__What you need to do__
Set down the data below from its first line to the line holding "Screenshot of terminal", inclusive; omit all pictures.

__Data segment__
=== Section Start ===
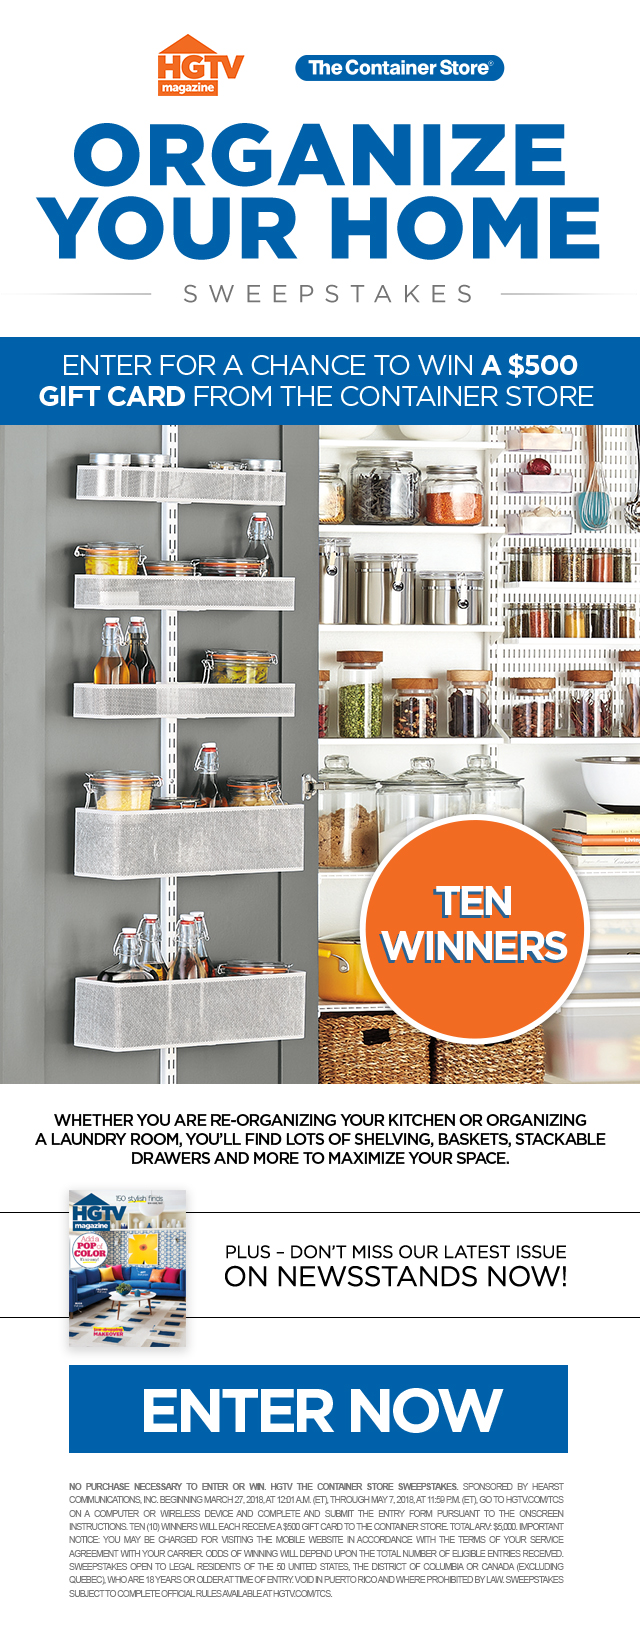 Organize Your Home Sweepstakes. Enter for a chance to win a $500 gift card from The Container Store. Ten Winners. Whether you are re-organizing your kitchen or organizing a laundry room, you'll find lots of shelving, baskets, stackable drawers and more to maximize your space. Plus, don't miss our latest issue - on newsstands now! Enter now. NO PURCHASE NECESSARY TO ENTER OR WIN. HGTV The Container Store Sweepstakes. Sponsored by Hearst Communications, Inc. Beginning March 27, 2018, at 12:01 A.M. (ET), through May 7, 2018, at 11:59 P.M. (ET), go to hgtv.com/tcs on a computer or wireless device and complete and submit the entry form pursuant to the onscreen instructions. Ten (10) winners will each receive a $500 gift card to The Container Store. Total ARV: $5,000. Important Notice: You may be charged for visiting the mobile website in accordance with the terms of your service agreement with your carrier. Odds of winning will depend upon the total number of eligible entries received. Sweepstakes open to legal residents of the 50 United States, the District of Columbia or Canada (excluding Quebec), who are 18 years or older at time of entry. Void in Puerto Rico and where prohibited by law. Sweepstakes subject to complete official rules available at hgtv.com/tcs.
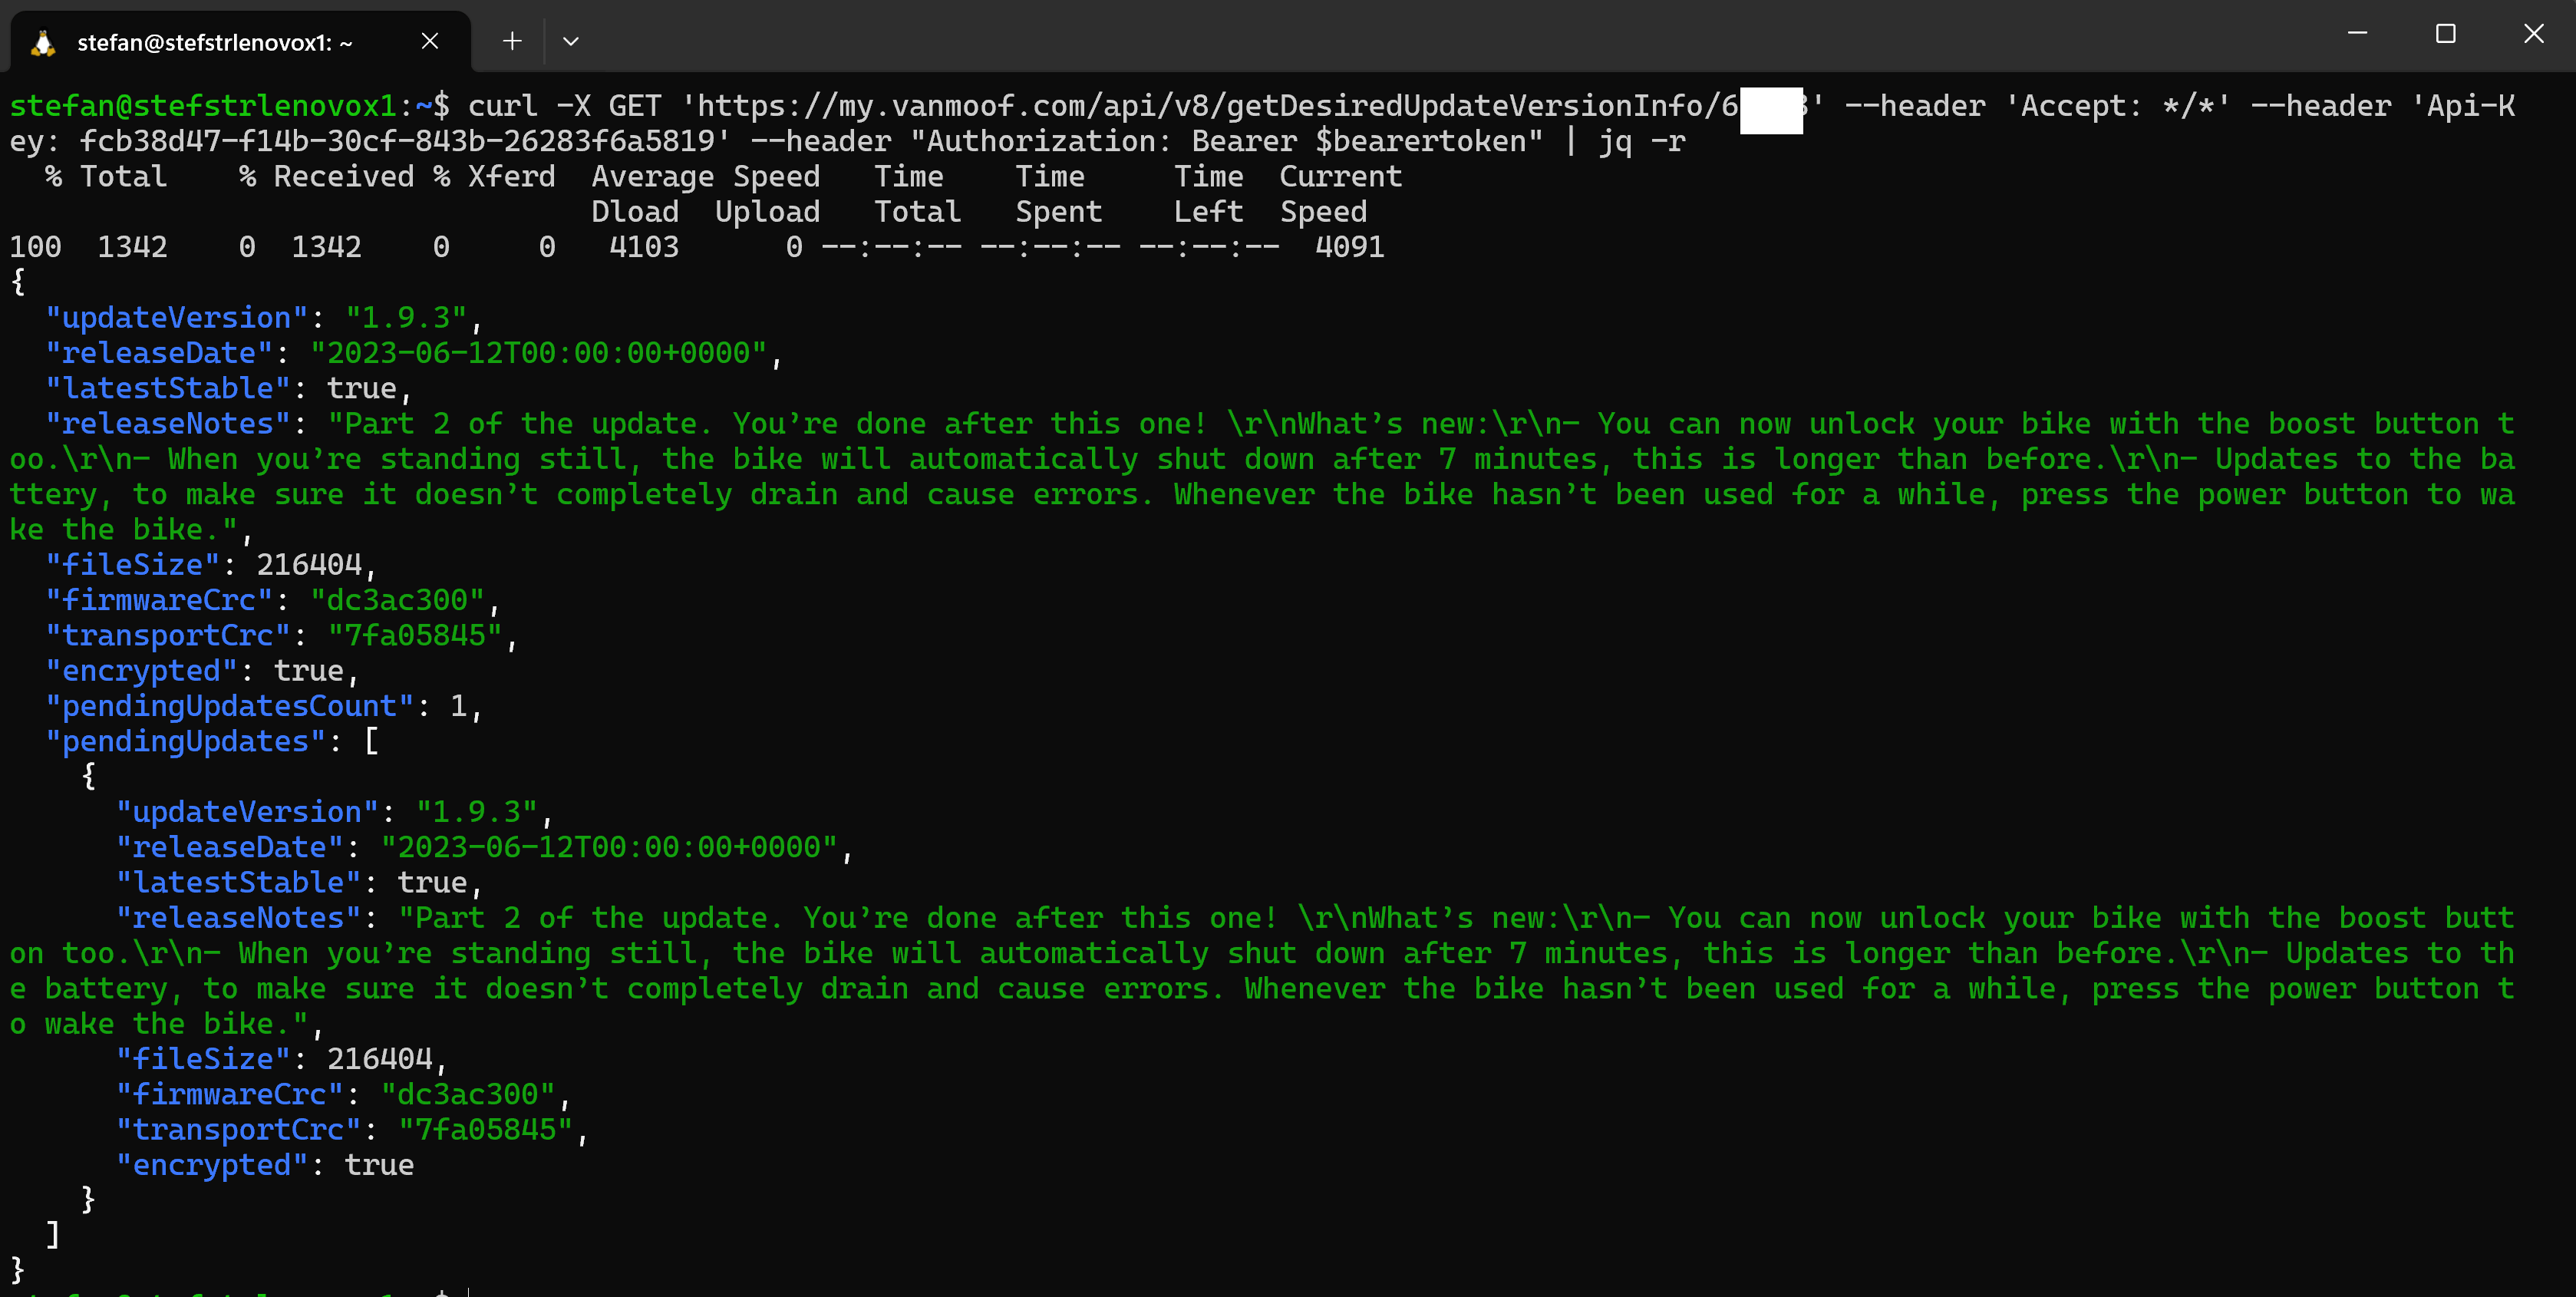 Screenshot of terminal with curl command to retrieve desired update version info from the vanMoof REST API
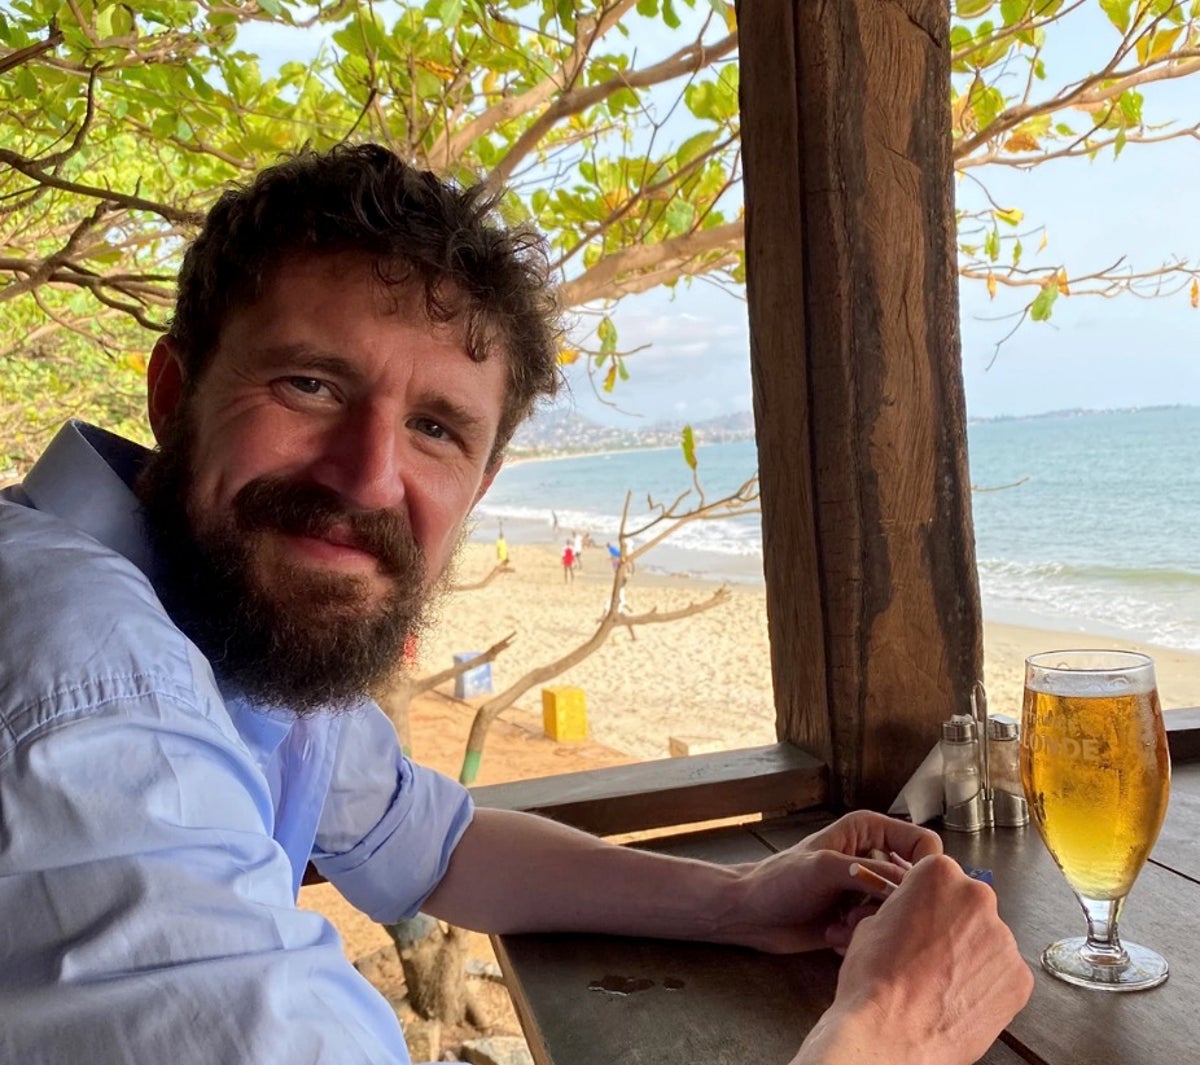 ‘Inspirational’ aid worker Simon Boas dies of cancer just hours before he was due to meet the King
=== Section End ===
__Result of this exercise__
 Organize Your Home Sweepstakes. Enter for a chance to win a $500 gift card from The Container Store. Ten Winners. Whether you are re-organizing your kitchen or organizing a laundry room, you'll find lots of shelving, baskets, stackable drawers and more to maximize your space. Plus, don't miss our latest issue - on newsstands now! Enter now. NO PURCHASE NECESSARY TO ENTER OR WIN. HGTV The Container Store Sweepstakes. Sponsored by Hearst Communications, Inc. Beginning March 27, 2018, at 12:01 A.M. (ET), through May 7, 2018, at 11:59 P.M. (ET), go to hgtv.com/tcs on a computer or wireless device and complete and submit the entry form pursuant to the onscreen instructions. Ten (10) winners will each receive a $500 gift card to The Container Store. Total ARV: $5,000. Important Notice: You may be charged for visiting the mobile website in accordance with the terms of your service agreement with your carrier. Odds of winning will depend upon the total number of eligible entries received. Sweepstakes open to legal residents of the 50 United States, the District of Columbia or Canada (excluding Quebec), who are 18 years or older at time of entry. Void in Puerto Rico and where prohibited by law. Sweepstakes subject to complete official rules available at hgtv.com/tcs.
 Screenshot of terminal with curl command to retrieve desired update version info from the vanMoof REST API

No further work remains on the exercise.